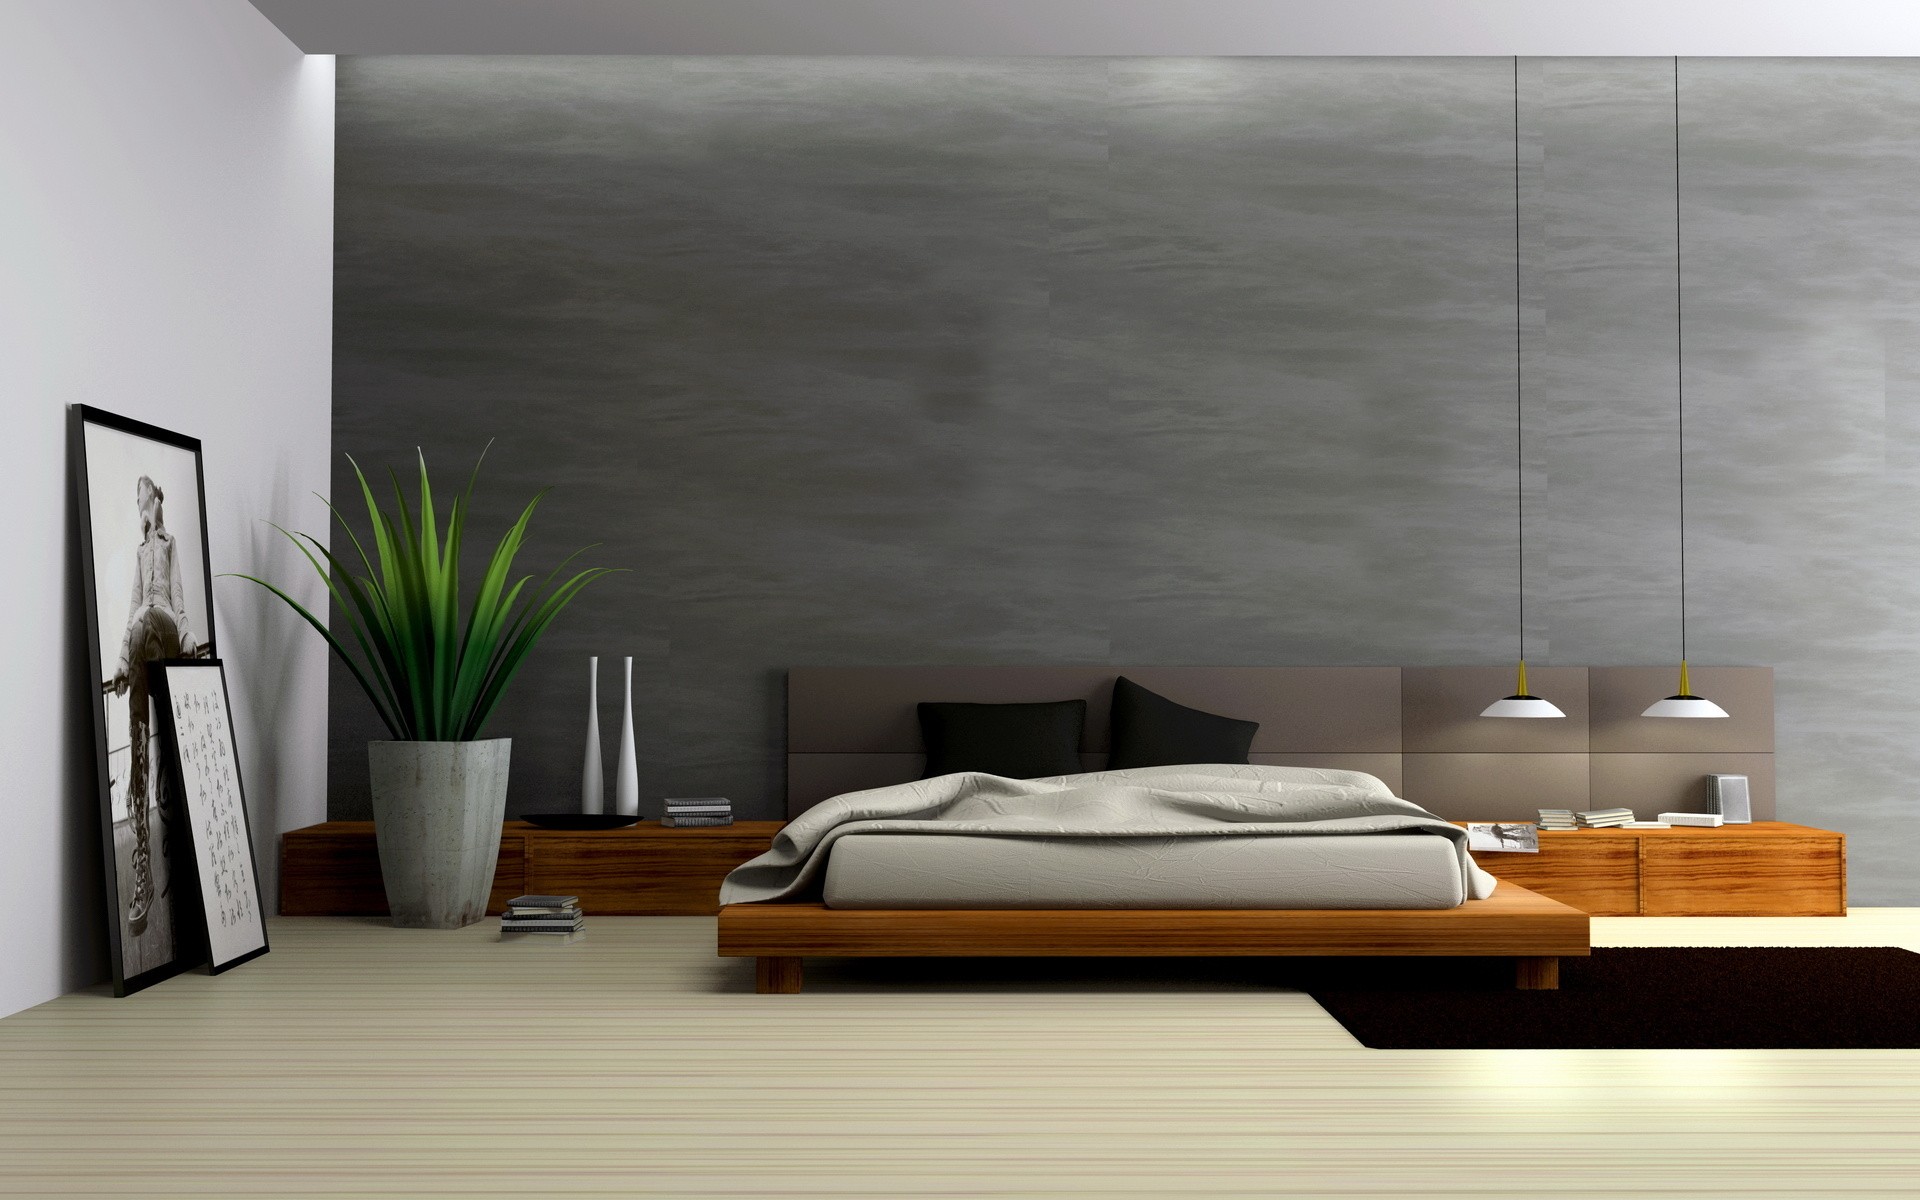 architecture, room, interior, bedroom - desktop wallpaper
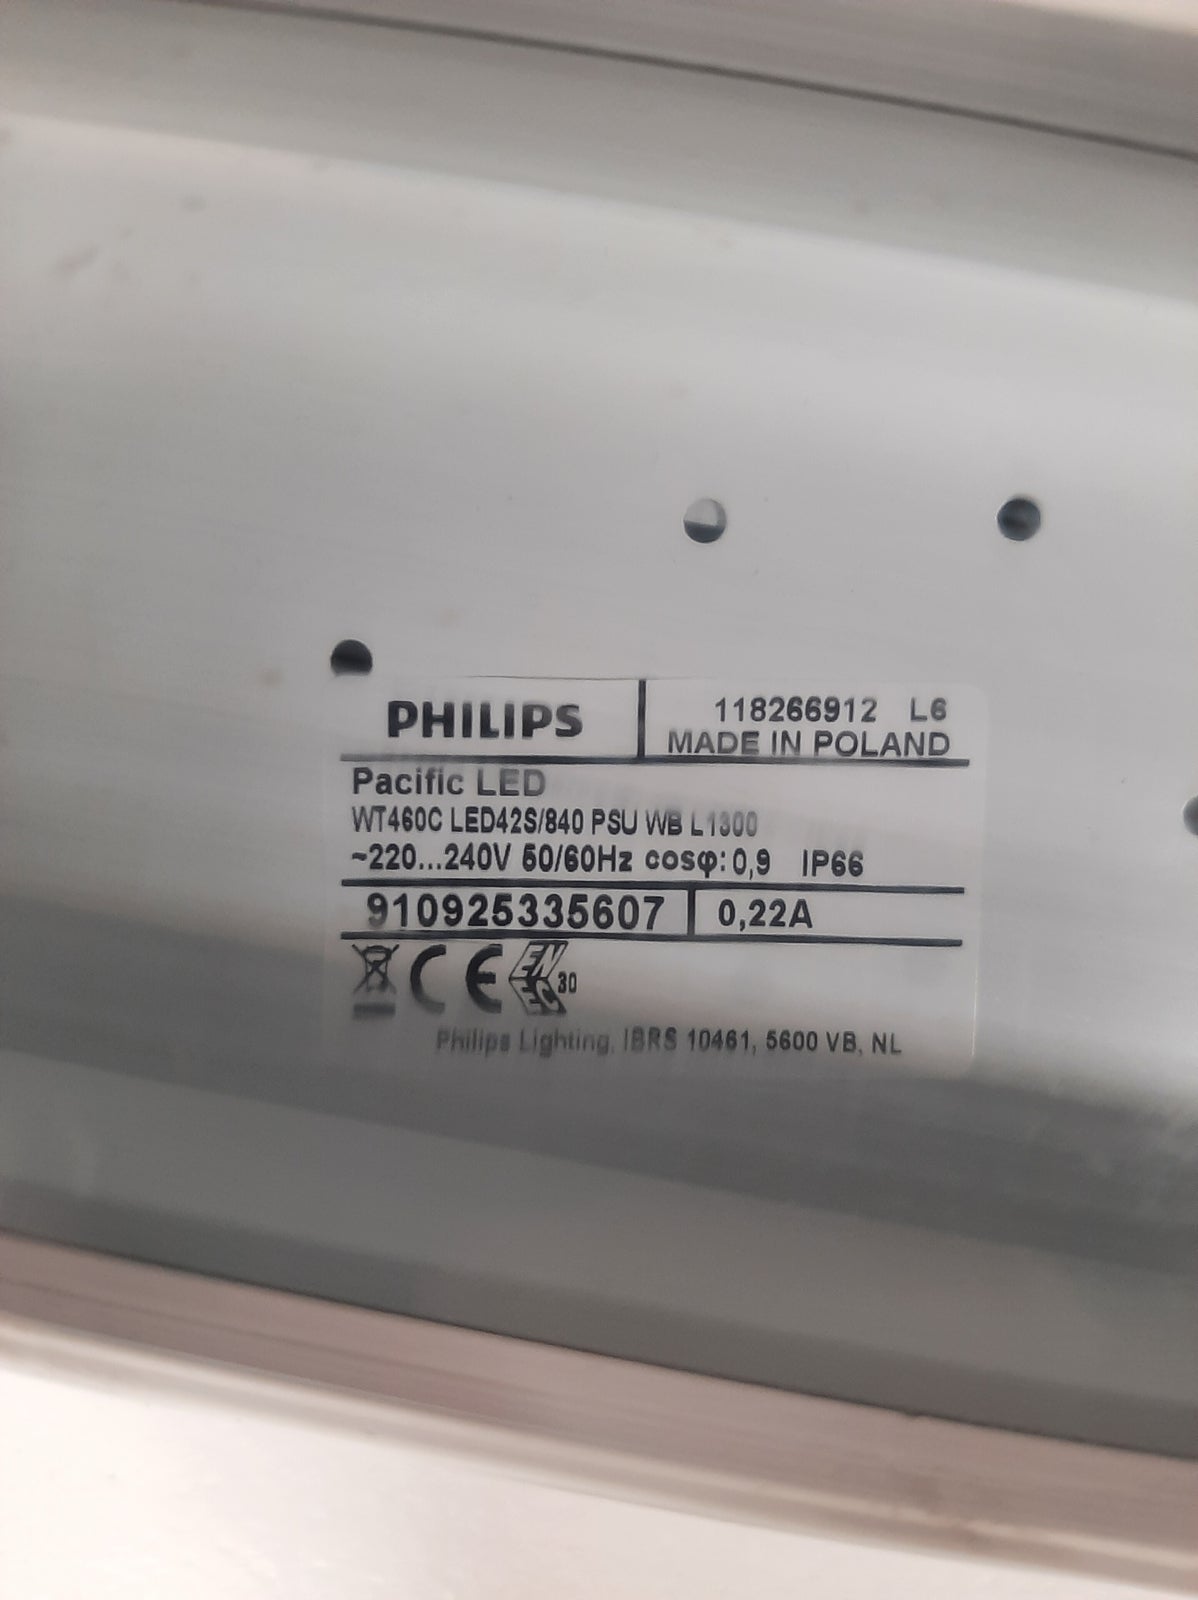 Philips pacific led wt480c industriarmatur, 130...
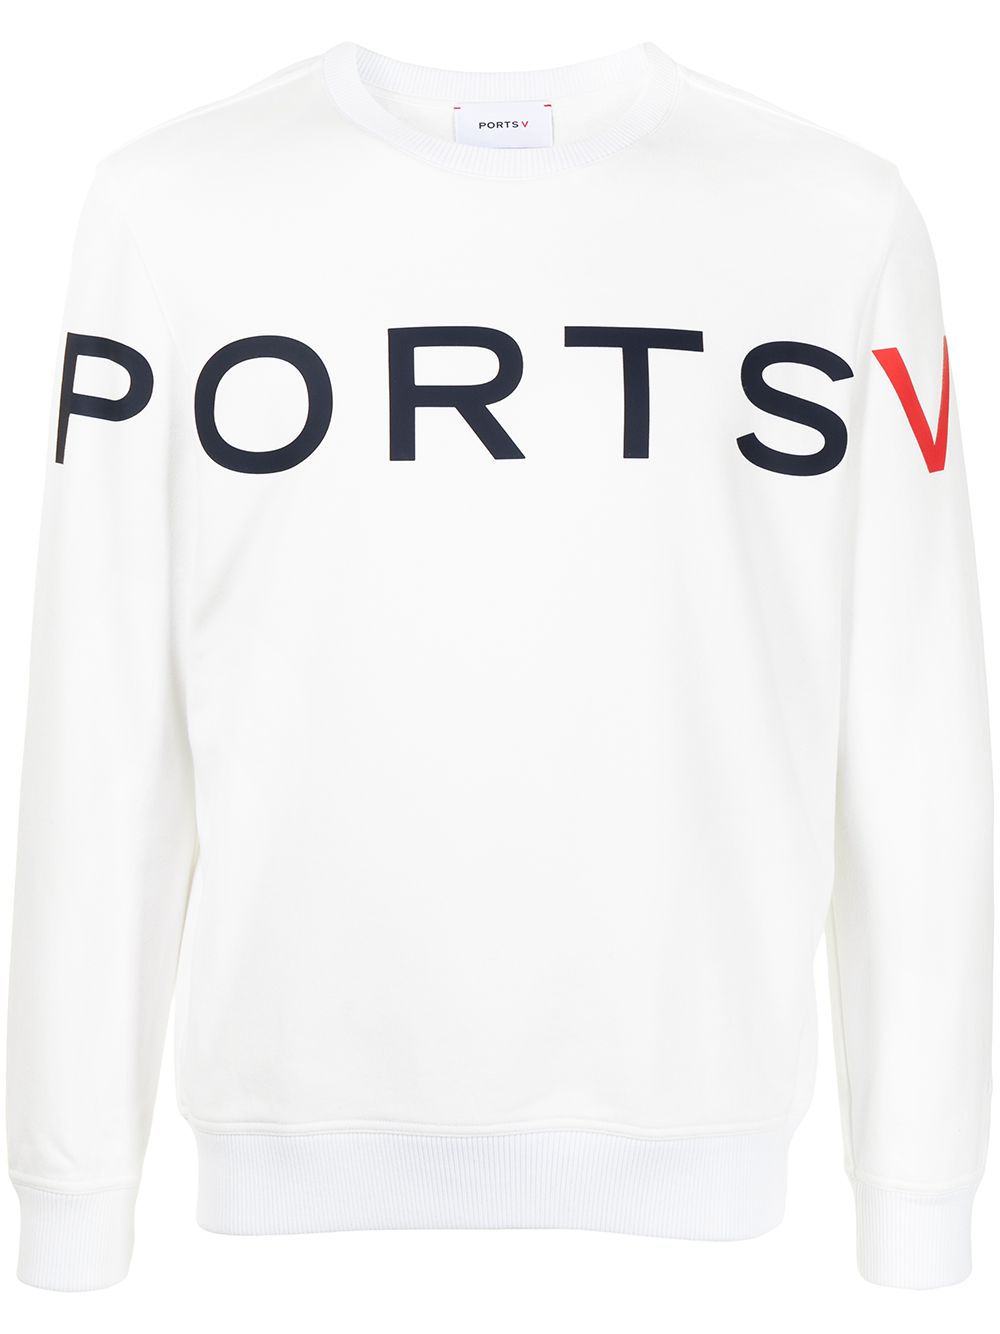 фото Ports v свитер с длинными рукавами и логотипом

**GOAL OF THE EXERCISE**
Set down the material above exactly as it reads, but not its pictures.

**WRITTEN RESPONSE**
 architecture, room, interior, bedroom - desktop wallpaper
 Philips pacific led wt480c industriarmatur, 130...
 фото Ports v свитер с длинными рукавами и логотипом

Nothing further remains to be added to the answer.